Alonso Díaz de la Vega
There are tenths of cinematic adaptations of Jorge Luis Borges’ work. His labyrinths and his images of infinity are, in some way, an invitation for filmmakers decided to capture the ineffable and to take the risk of matching with images what Borges weaved so minutely with his words. Most of these pictures are short films, brief and immense like the Argentine master’s short stories, although there are feature films like The Spider’s Stratagem (1970), directed by Bernardo Bertolucci, where the Italian master makes his own version of the story “Theme of the Traitor and the Hero”. But perhaps the original screenplays that Borges wrote with his inseparable friend, Adolfo Bioy Casares are of yet more interest.
Together, the Argentine masters wrote for screenplays: Los orilleros and El paraíso de los creyentes, which were published in a 1955 book, and then they thought out a couple of films for director Hugo Santiago: Invasión (1969) and The Others (1974). Los orilleros, written in 1939, would become in 1975 a Ricardo Luna picture. None of the films resulting from the scripts has a traditional attachment to Borges’ usual themes: infinity, the eternal return, metaphysics. Actualy they remind us more of the outlaws in A Universal History of Infamy, his first short story volume, where real scoundrels mix with fictitious slum dwellers. The narrator of “Man on Pink Corner” would find a cinematic relative in the characters’ accents in Los orilleros. The guns, the duels, the knifes, in this and other stories would appear in Luna’s film, as well as in Invasión.
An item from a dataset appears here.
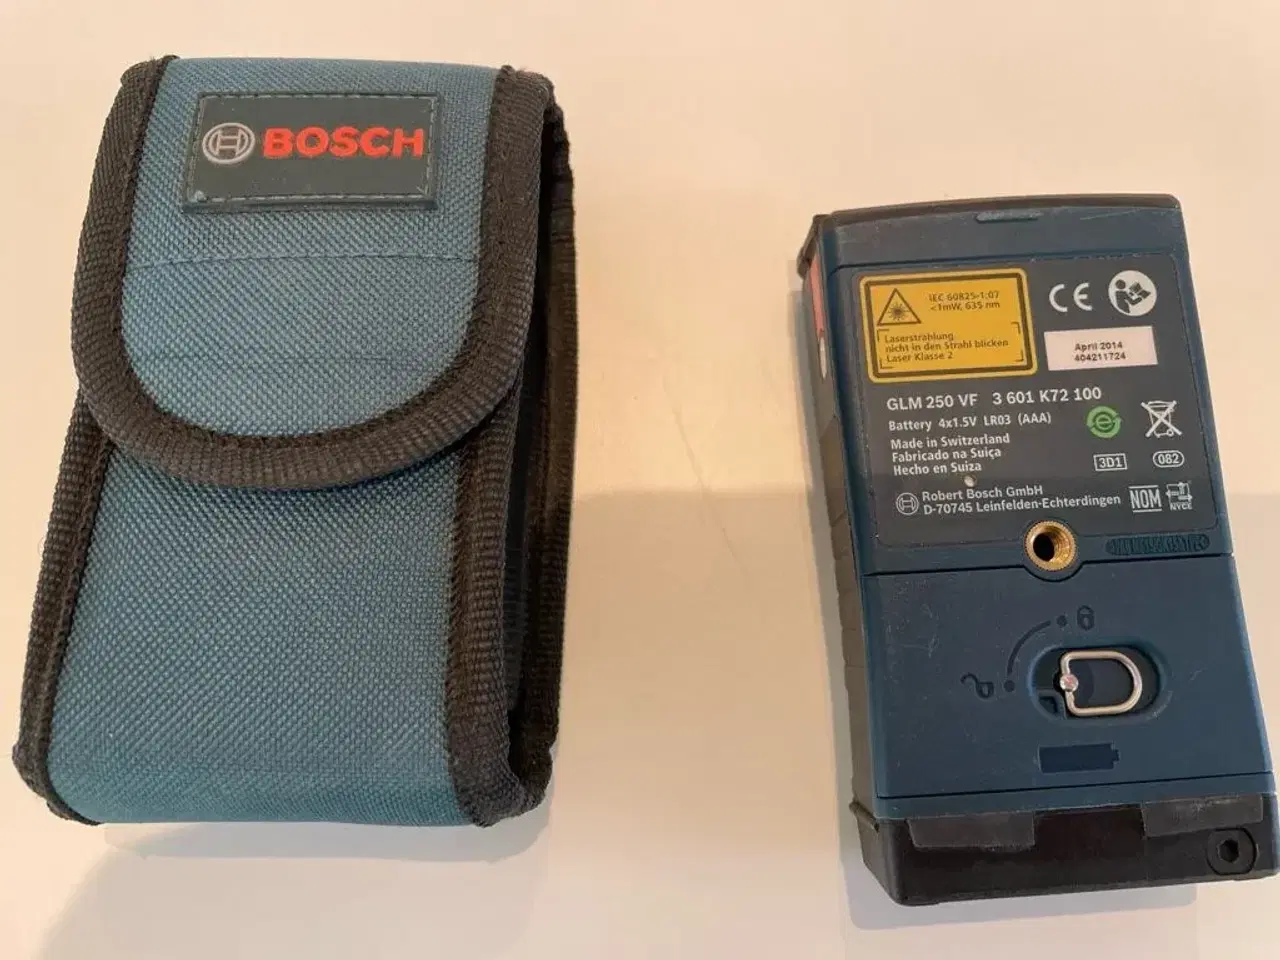 Billede 2 - Afstandsmåler  Bosch GLM 250 VF

Nowadays it’s unlikely that someone will watch The Others, since it doesn’t seem to exist in any home format, but fortunately Invasión was rescued in the 90’s after having been lost for decades. The film is an important piece of the late 60’s Argentine cinema which shows the genius of its director, the influence of the French New Wave and the combined imaginations of Borges and Bioy in a film which simulates a sort of Iliad set in an undefinable time and space. An image at the beginning of the film suggests this disorientation: a man dressed in a black suit seems to merge with the night behind him and we can only see his hands, his face and part of his white shirt. Further on we start to see characters that move together, in suits, armed. At times, Invasión seems to be a gangster film but the plot follows a group of everymen as they defend themselves from the incursions of an army just like theirs on the fictitious town of Achillea. This name refers to Achilles, on of the main heroes in the Iliad, and it also suggests the theme of Homer’s work: resistance. It was an audacity to deal with that in the midst of Juan Carlos Onganía’s dictatorship.
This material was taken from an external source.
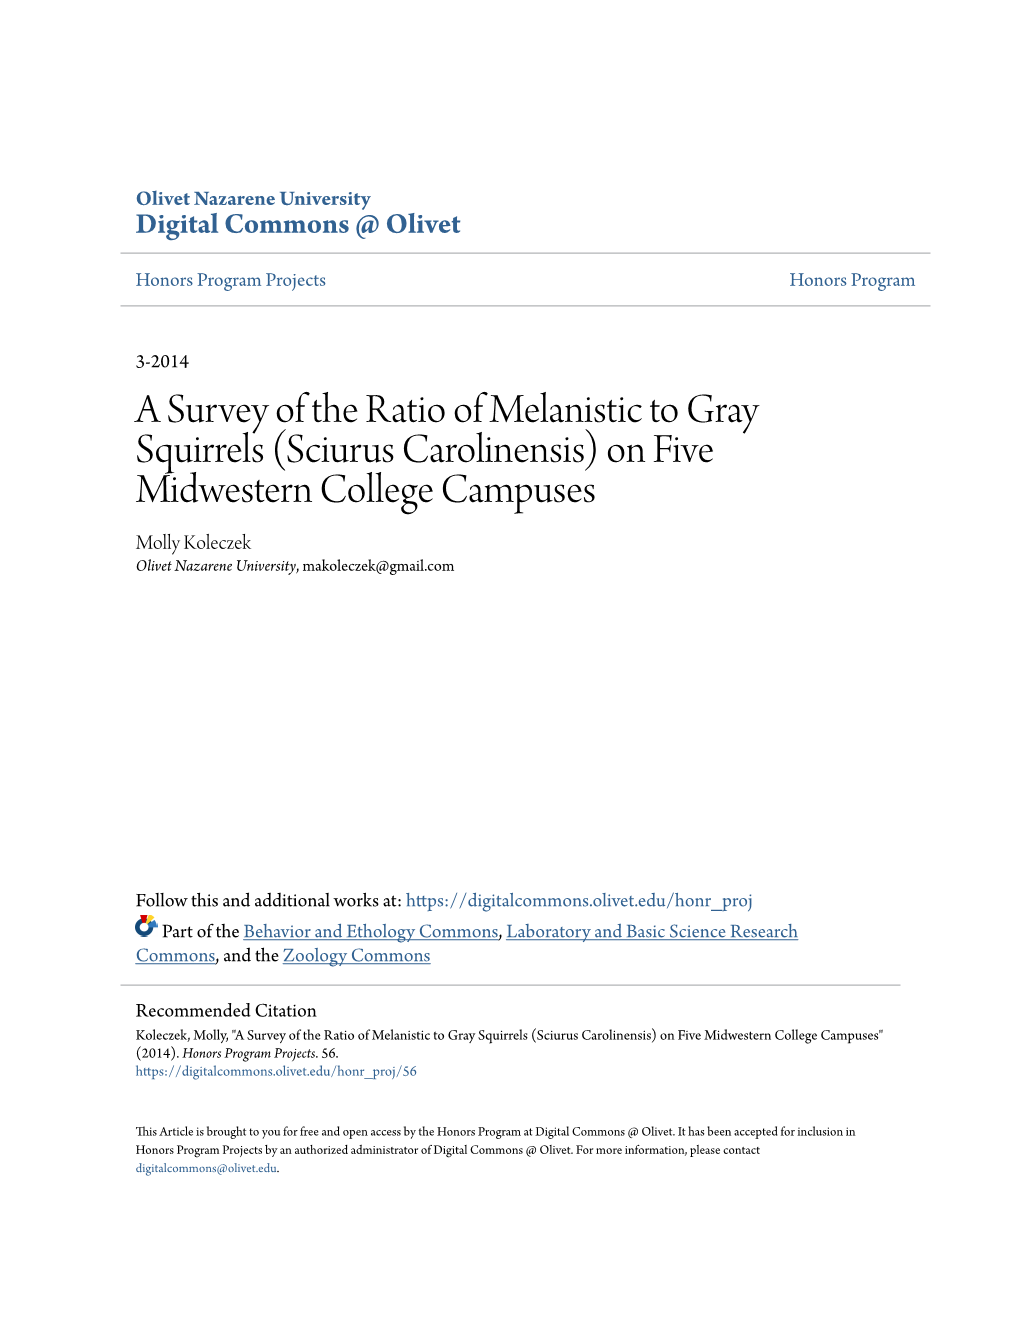 A Survey of the Ratio of Melanistic to Gray Squirrels (Sciurus Carolinensis)

The style of the film is also part of this rebellion with its barely discernible plot and its perpetual melancholy. Shot in black and white, Invasión abounds in expressive shadows and editing which conform a constant search within the cinematic language. We might say that it resembles Borges’ poetry more than his narrative work and that for the same reason it implies something almost mystical. The film is unfathomable, like divinity, but also astounding. It’s also a work that would have been unthinkable without Jean-Luc Godard’s Alphaville (1965), a science fiction film with no costumes, sets or special effects. Under its influence, Invasión is a war film without a single genre element and unique in its poetic obsession with death. The “Milonga de Manuel Flores”, played in the film and written by Borges, says: “Dying is a habit people are known to have”. During an attack, a character breaks down: “You have your courage and skill to offer. I can only offer mi death”. Invasión is possessed by a nihilistic vision of sacrifice.
In contrast, Los orilleros is a film form the decade in which it was written originally, that is, the 1930’s. A melodrama about a sort of warlord in the nineteenth century, the film resembles even more Borges’ outlaw short stories and offers a clearer, more genre-oriented narrative. In an interview with the famous literary magazine The Paris Review, Borges explained that westerns seemed to him the contemporary epics. It’s not merely fortuitous that the characters in Invasión
watch a western and that Los orilleros seems to be another. Yet there’s a defiance to conventional western morality: even though it’s clear that the warlord Eliseo is a tyrant, there’s a point in the film in which he seems disillusioned with his own machismo. “I thought”, he explains to his daughter, “that only one thing was enough: to be a man”, but separation has taught him otherwise. In that moment of pathos the roles in the film change and the revolutionaries seem crueler than him. It’s a sudden revelation of depth which exposes the minds of Borges and Bioy trying to find, locked in some artifact or in a man, the dimensions of infinity.